Strengthening Consumer Protections
Protecting Consumers from Surprise Medical Bills: In addition to shoring up the individual market, during the most recent legislative session Washington passed a law to protect consumers from “surprise balance billing.” This occurs when providers bill consumers for the portion of out-of-network care that insurers don’t cover, in emergency or other situations when patients cannot reasonably choose between an in-network or out-of-network provider. Many consumers can face astronomically high medical bills as a result. Washington’s new law ensures that consumers seeking emergency care or treatment at an in-network facility are not balance billed for out-of-network care. It also sets up an arbitration process for insurers and providers if they cannot agree on a fair price, so that consumers are held harmless. While federal law prevents Washington from extending its law to self-funded employer plans, Washington’s balance billing legislation is an example of how states can act to protect some if not all consumers from surprise medical bills.

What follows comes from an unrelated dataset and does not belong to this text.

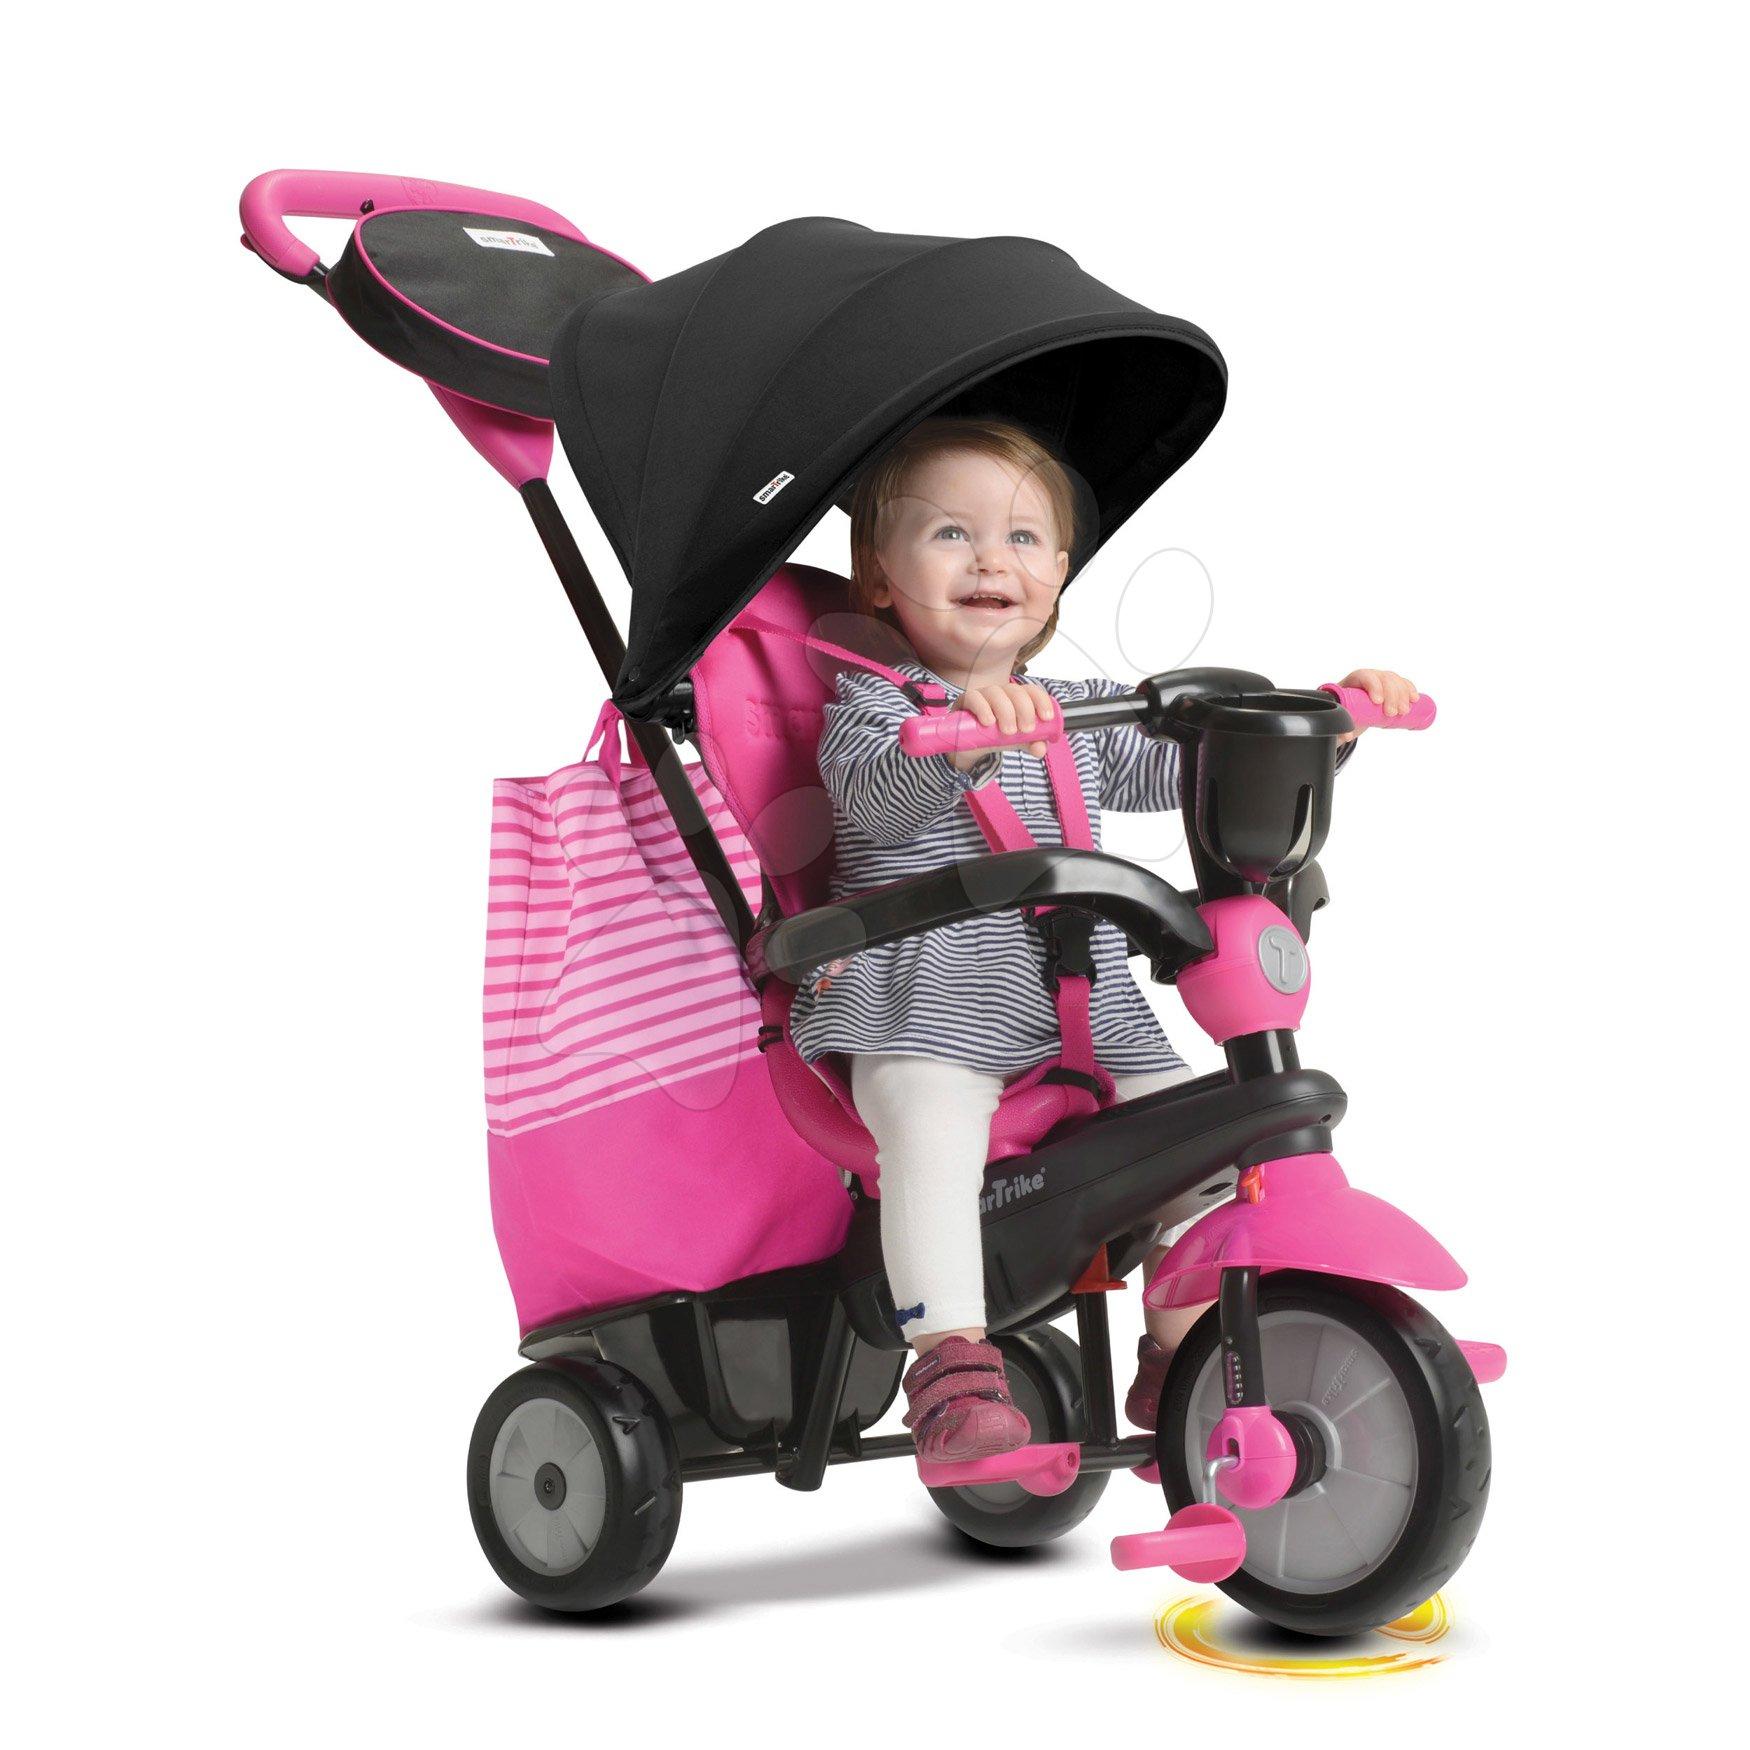 Trojkolka SWING DLX 4v1 Pink TouchSteering smarTrike s tlmičom a voľnobehom + UV filter, ružová od 10 mes

Codifying the ACA’s Protections: A current court case threatens to overturn the ACA in its entirety. In response, a number of states are codifying some of the federal law’s provisions into state law. Washington State did just that, enacting legislation to preserve several of the ACA’s key reforms, including the requirement for insurers to provide coverage regardless of health status, a prohibition on annual and lifetime dollar limits, and outlawing coverage exclusions for pre-existing health conditions. While certain aspects of the law, such as the premium subsidy structure and Medicaid expansion, are difficult to codify without the ACA’s federal funding, Washington has taken an important step to defending the historic law’s reforms at the state level.
Takeaway
The ACA was enacted in part to establish a minimum set of national standards for health insurers, rather than a patchwork of state protections. States like Washington have led efforts to increase access to health insurance that predate the ACA, but the federal standards – and especially the federal funding – transformed the insurance landscape across the country, reducing the uninsured rate to an historic low. Recent federal actions and ongoing litigation have threatened this progress, putting states at the forefront of protecting consumers’ access to coverage and care. Washington serves as an example of the steps that states can take to ensure market stability and retain consumer protections in order to defend the ACA’s gains.
Some of Washington’s policies will not be politically feasible everywhere, and states may want to consider other reforms, such as a reinsurance program or creating a state-level individual mandate with a penalty to replace the federal policies that are no longer in effect. And as the state’s newly minted public option takes shape, many policymakers will want to wait and assess the program’s impact before diving in with their own program. As state policymakers consider ways to expand and preserve access to coverage, lessons from other states, including Washington, will be key to navigating policy decisions and debates.